THE DATA Block Start
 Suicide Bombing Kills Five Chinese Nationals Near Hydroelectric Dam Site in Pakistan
THE DATA Block End
THE DATA Block Start
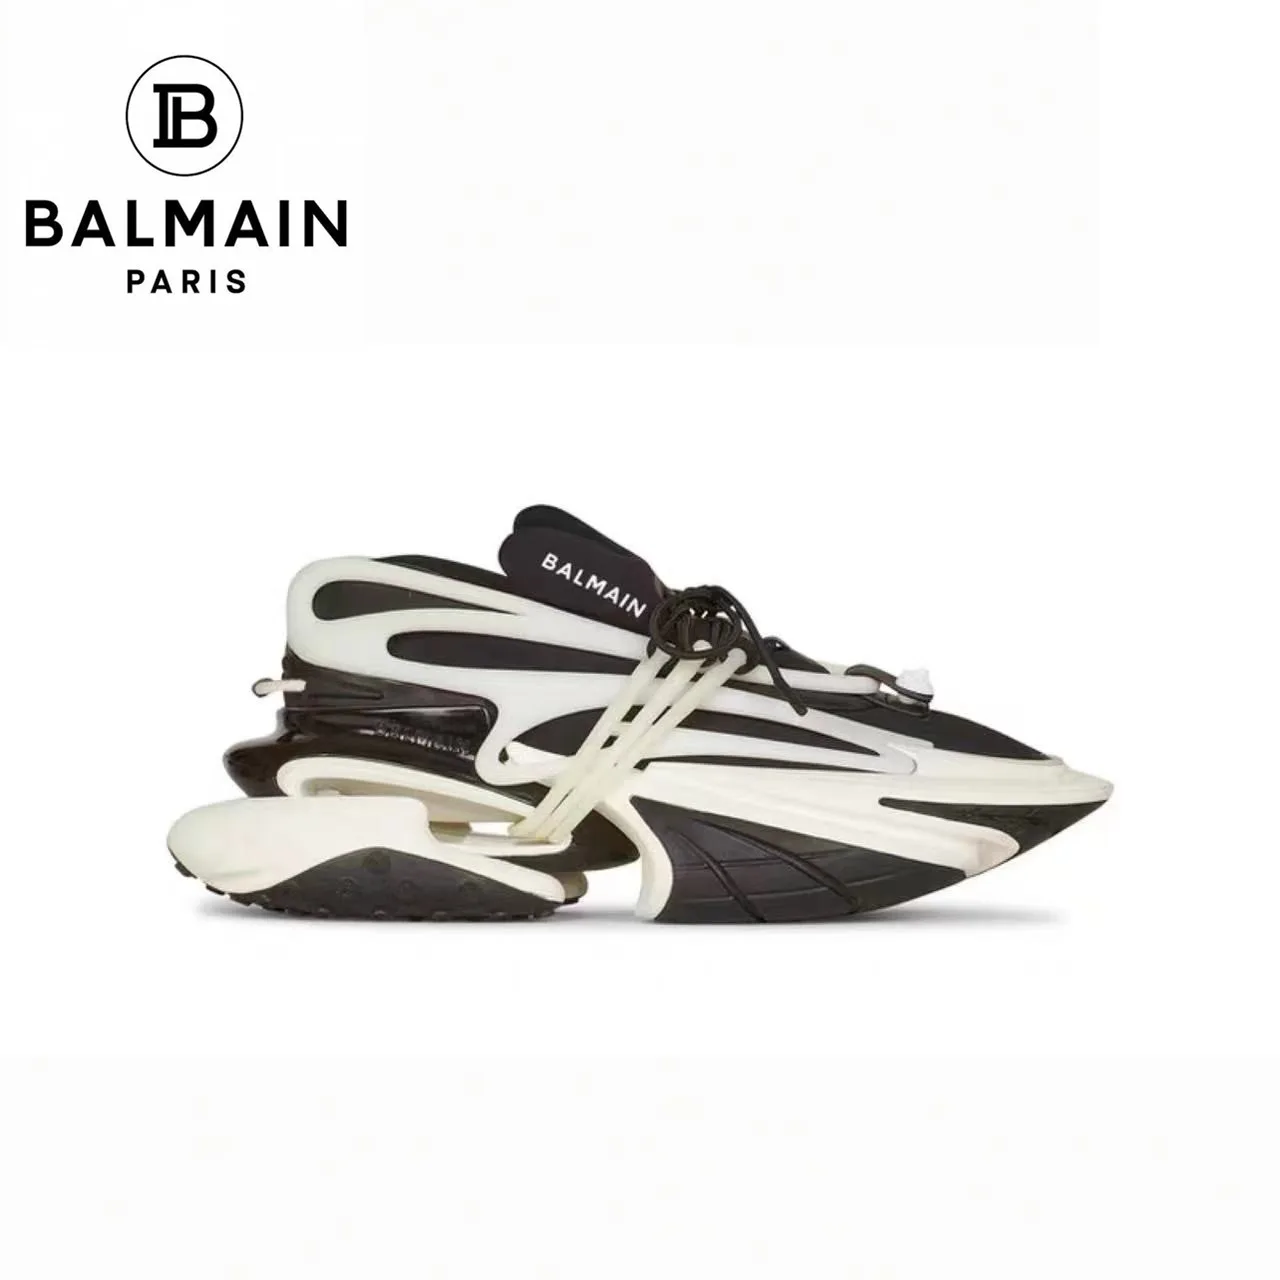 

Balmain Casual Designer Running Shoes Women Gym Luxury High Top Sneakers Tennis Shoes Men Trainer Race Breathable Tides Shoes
THE DATA Block End
THE DATA Block Start
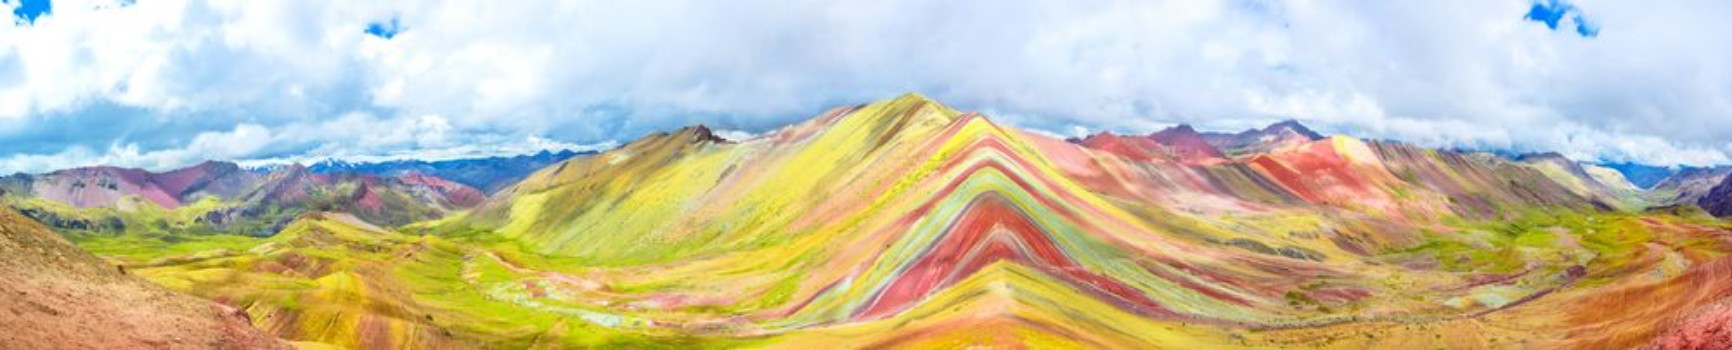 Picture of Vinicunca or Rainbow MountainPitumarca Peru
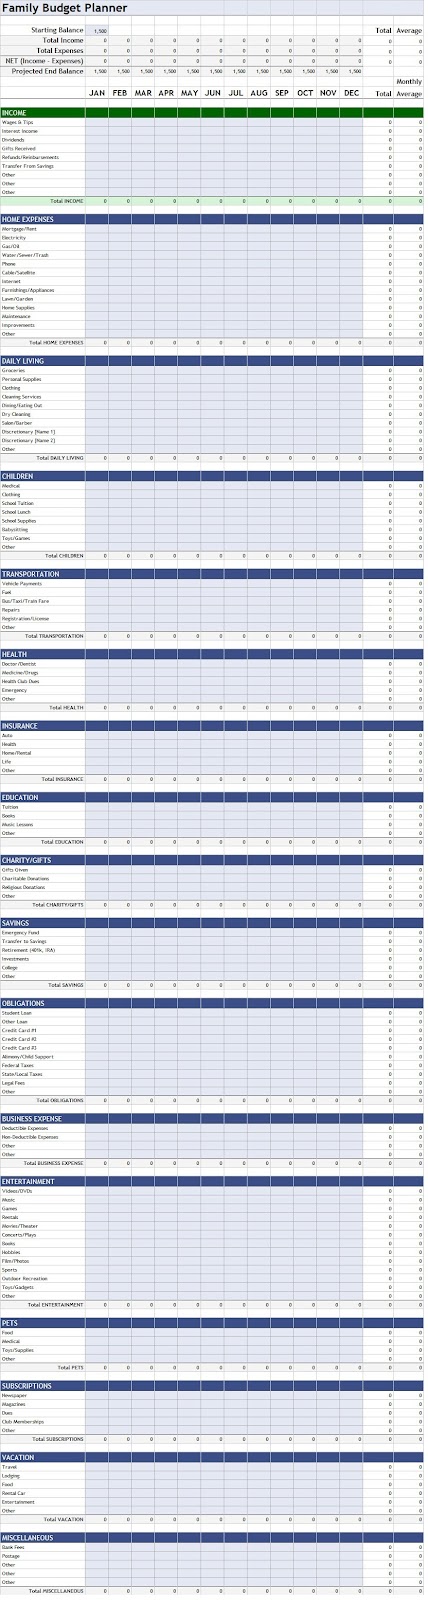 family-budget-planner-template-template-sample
THE DATA Block End
Within the listing above, the lines from the one with "Picture of Vinicunca" through the one with "family-budget-planner-template-template-sample" are to be given again word for word. Do not include pictures.

 Picture of Vinicunca or Rainbow MountainPitumarca Peru
 family-budget-planner-template-template-sample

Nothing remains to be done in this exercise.